It is never justified to blame the victim

Katien and Katien

“What happened last night?” is a phrase that sets the morning-after scene of popular movies like “Dude, Where’s My Car?” and “The Hangover.” Following the characters as they retrace their forgotten steps proves hilarious time and again. Uncovering the mystery surrounding the night before has become rather formulaic and led to many successful comedies. But sometimes, this question isn’t so funny. Sometimes, it can be downright frightening. 

April is Sexual Assault Awareness Month. In order to keep the University aware, the Wellness Connection, the Student Wellness Network and the Office of the Dean of Students joined forces to create a mock sexual assault student disciplinary hearing. Demonstrating the role of the University Disciplinary Committee (UDC) and their involvement with students who infringe upon the rights of others, the mock hearing gave viewers a taste of how their decisions are made. This educational experience was advertised as “What happened last night?” to attract an audience and then illustrate three very important points.

First, beyond the legal repercussions, there may be academic consequences as well. The UDC can suspend or even expel a student found responsible for sexual assault. Second, Ohio law says clear, verbal, unimpaired consent needs to be given for sexual activity. Basically, the word yes must be spoken by a sober individual. And third, victim-blaming will not hold up in any courtroom. 

What do I mean by victim-blaming? This term refers to the idea that an attack can be justified as the fault of the recipient. We’re all familiar with the rationalization that a victim of rape was somehow asking for it, but here is where societal perception differs from the law. Never does any expression of an individual’s sexuality warrant sexual violence.

Society has a tendency to excuse the sexual transgressions of a male assailant. He “can’t control himself,” which then places all responsibility on the female victim, who should have been more careful. Because most women are raped by men they know, “being careful” would require not having any male acquaintances. If a woman insists on interacting with men, she should never do so alone. 

Eventually, this line of thinking becomes completely ridiculous. These attitudes are also unfair and degrading to both men and women. For instance, the fictional students in the mock trial were named Brian and Angela. They were in a class together, became friends, and then decided to go out one night. But, because all men are predatory animals, Angela should have known better than to trust Brian. Obviously, she was asking for it. So the only way to avoid the inevitable, when adhering to victim-blaming, is to live in total gender segregation. 

Other forms of “asking for it” include dressing like a slut, being a slut or acting like a slut. The mock hearing verified that allusions to any of these will be immediately over-ruled. “What was she wearing?” got shot down because the detail is irrelevant when determining responsibility for a sexual assault. Clothing will never be taken into consideration during a disciplinary hearing or a criminal trial. And for the record, a woman’s sexual history does not play a role in finding fault either. 

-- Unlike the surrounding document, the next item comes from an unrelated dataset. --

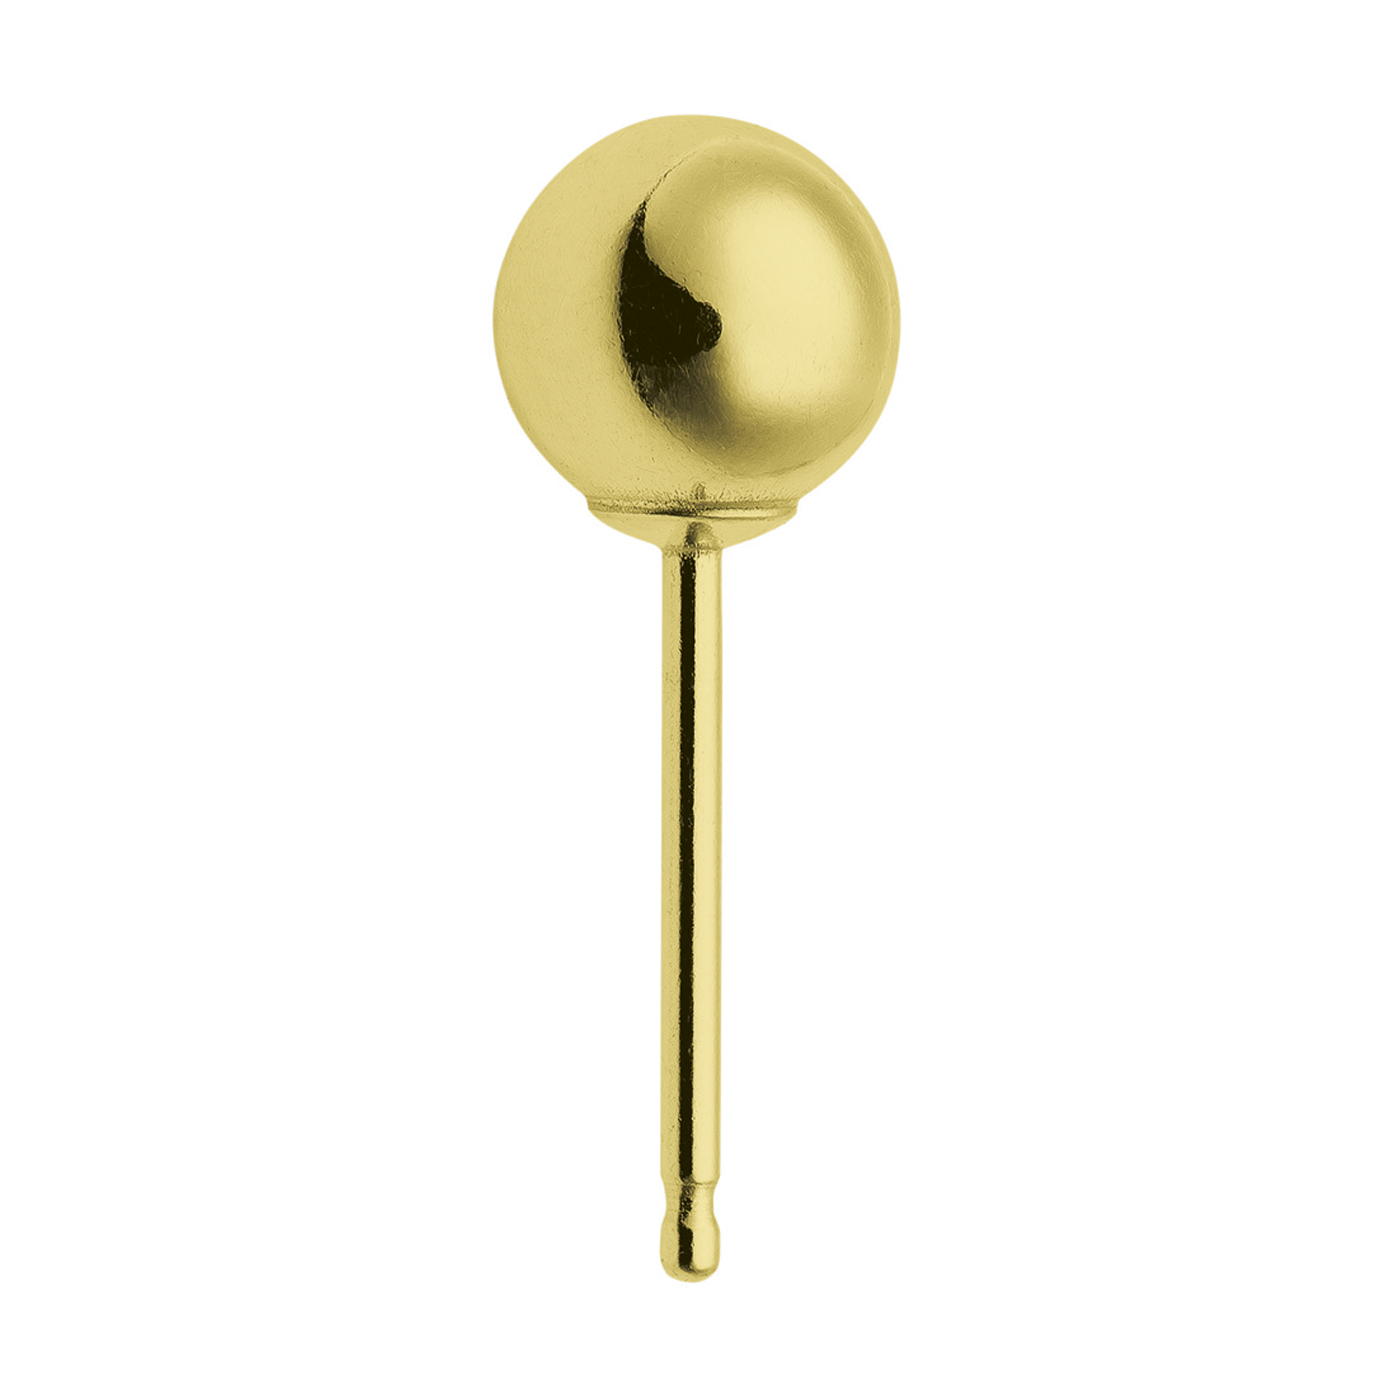 Ball Stud, Rolled Gold, ø 5 mm - 1 piece

The “dick tease” defense is unfounded as well. She could have danced provocatively, made suggestive comments and even invited the perpetrator into her home. It doesn’t matter. All that matters is if she said yes.

And the absence of the word no does not leave room for inference. The only time a woman is asking for it is when she uses her words to literally ask for it.

And let me now emphasize the importance of asking. Asking is the only sure way to obtain consent. During the mock hearing, Brian said he asked Angela if he could kiss her. She said yes and he appeared to believe that gave him permission to proceed beyond kissing.  But consent for first, second or even third base does not mean it’s cool to slide home. 

Brian didn’t ask and Angela didn’t say no, but she didn’t say yes either. However, she did tell him she was uncomfortable. His conclusion was that he should proceed even after she resisted because society teaches girls to act like they’re not interested in sex when they really are. Trust me. If she’s interested, she’ll let you know. Playing hard to get is so last century.

But the moral of the mock hearing isn’t simply that Brian is a jerk. As critical thinkers, we must recognize that accepting essentialist ideologies about gender are what got him into trouble. Women are not naturally submissive and men are not naturally aggressive, and both are perfectly capable of expressing their interest (or lack thereof) in one another to one another. The secret to a healthy and enjoyable sex life is simply saying what you mean and meaning what you say. It’s the only way to guarantee your needs will be met. 

The bottom line is, if you’re ready to have sex, you have to be ready to talk about it. Don’t assume you are accurately picking up on someone else’s signals. And if you’re too uncomfortable to bring it up, just think how uncomfortable you’ll be in a real disciplinary hearing, when the committee is asking “what happened last night?” and you’re not so sure yourself.